# Analysis of the intruder experiment

Answers to questions come from four sources: three models and early-20c ground truth.

We're mainly interested in figuring out 

1. How persuasive all these sources are at channeling the early 20c.
2. Whether the gaps between the more and less persuasive sources are significant.

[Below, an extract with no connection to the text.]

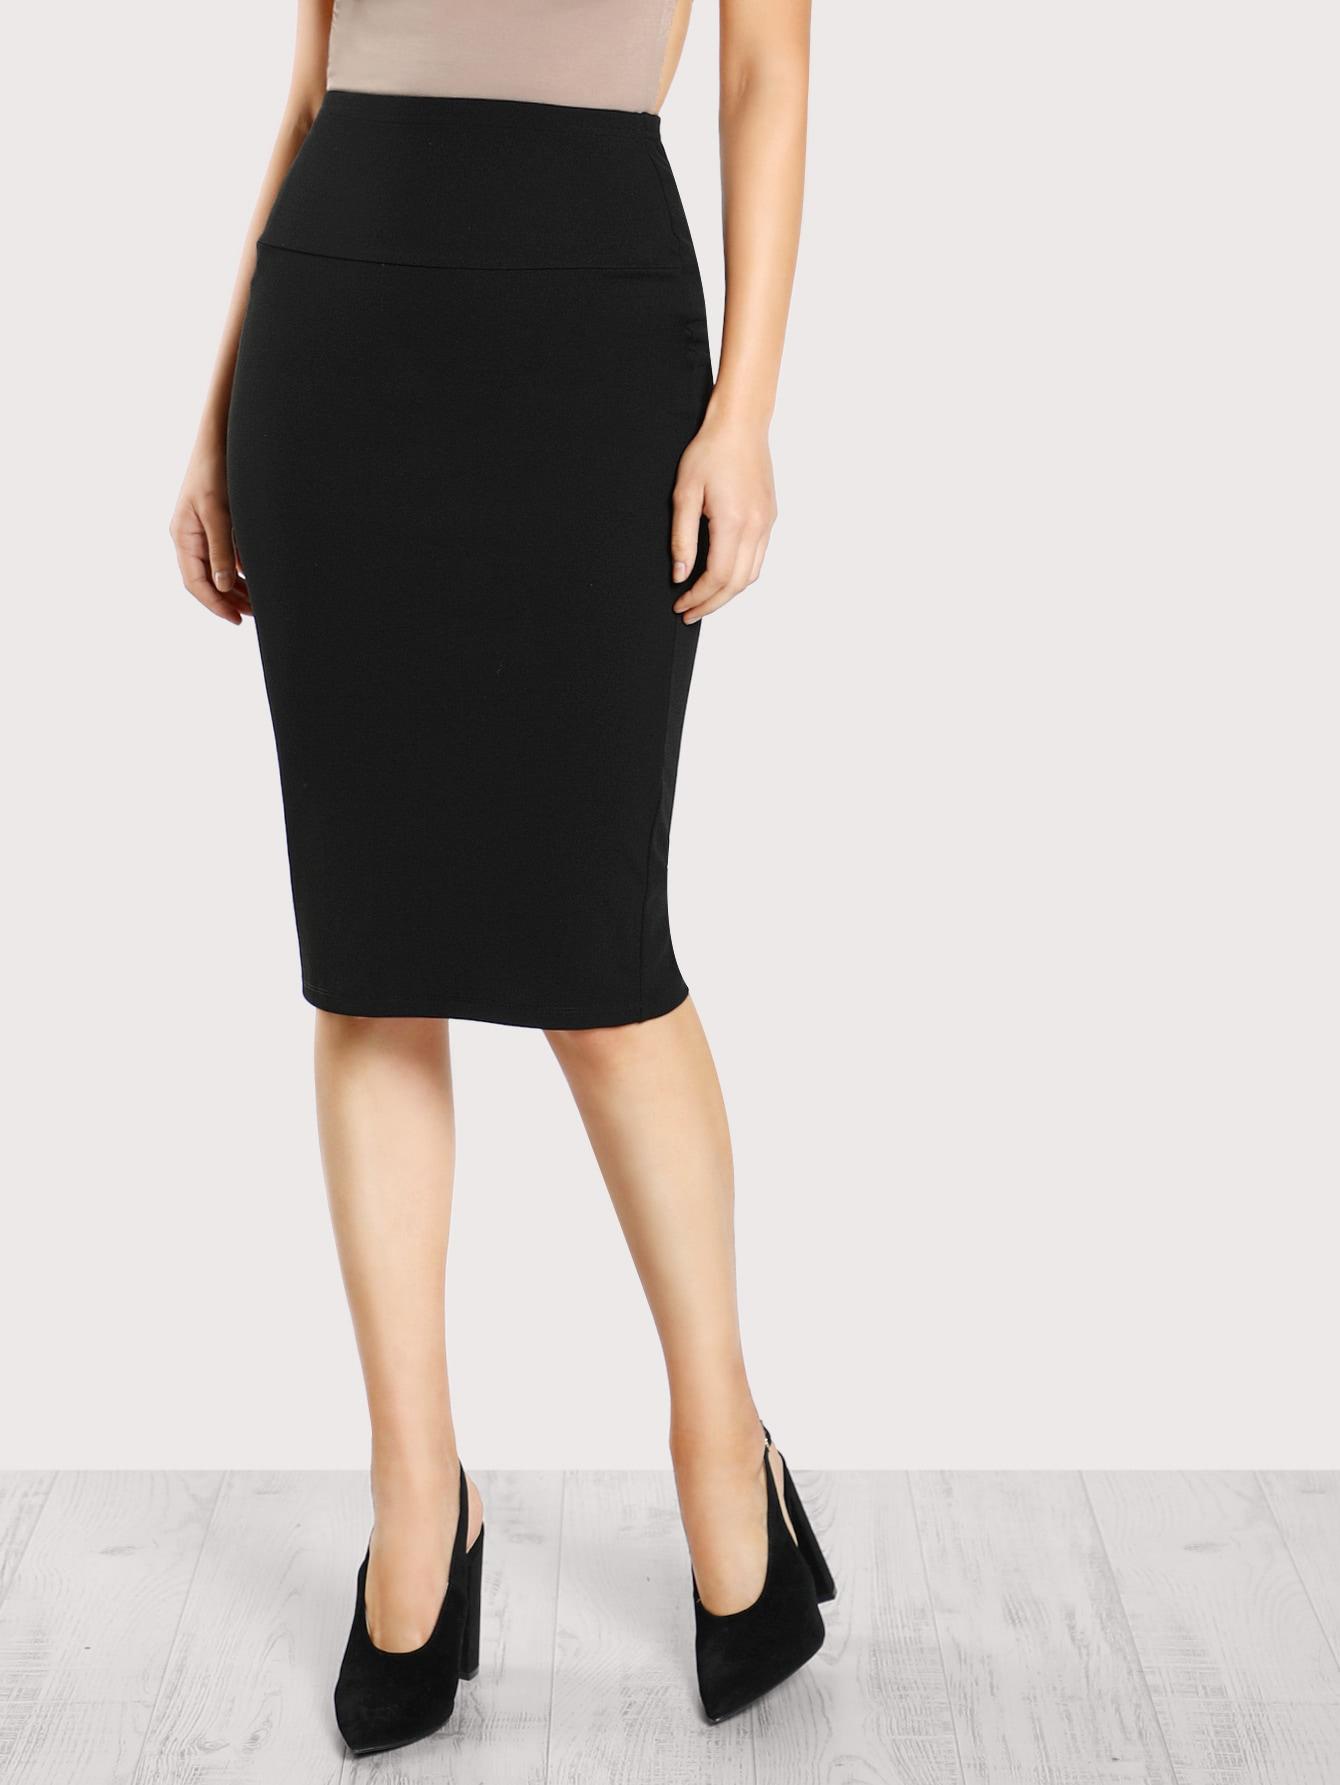 Купить Модная юбка-карандаш с эластичной талией, Christen Harper, SheIn

We are secondarily curious

1. The percentage of questions each of our coders simply *gets right,* and
2. The extent of *agreement* above what would be expected by chance.

In [2]:
import pandas as pd

We load all dataframes.

In [3]:
ls *results.csv   

han_intruder_final_results.csv    piper_intruder_final_results.csv
mimno_intruder_final_results.csv


In [4]:
han = pd.read_csv('han_intruder_final_results.csv')
mimno = pd.read_csv('mimno_intruder_final_results.csv')
piper = pd.read_csv('piper_intruder_final_results.csv')
han.head()

Unnamed: 0,orig_index,user,most_plausible,response_0,response_1,response_2,response_3
0,0,Describe Los Angeles.,1,Los Angeles is a city and the county-seat of L...,"Los Angeles, often referred to as the City of ...","Los Angeles, the county seat of Los Angeles co...","Los Angeles, often referred to as the ""City of..."
1,1,What public offices may a woman hold in England?,1,"As of 1914, women in England have made some st...",Women in England may fill some of the highest ...,Under the provisions of the Local Government A...,"In 1914, the opportunities for women to hold p..."
2,2,What are the ethnological origins of America's...,2,The ethnological origins of America's aborigin...,Whether with Payne it is assumed that in some ...,The aboriginal inhabitants of America are gene...,The question of the ethnological origins of Am...
3,3,Describe the character of the Australian abori...,2,"The indigenous peoples of Australia, commonly ...",The Australian Aborigines are often described ...,"In disposition the Australians are a bright, l...",The Australian aborigines are a race of men wh...
4,4,What is the significance of Yamagata Aritomo i...,2,Yamagata Aritomo (1838-1922) was a prominent J...,Yamagata Aritomo was a prominent figure in Jap...,Prince Yamagata Aritomo (1838–) was a Japanese...,Yamagata Aritomo is a significant figure in Ja...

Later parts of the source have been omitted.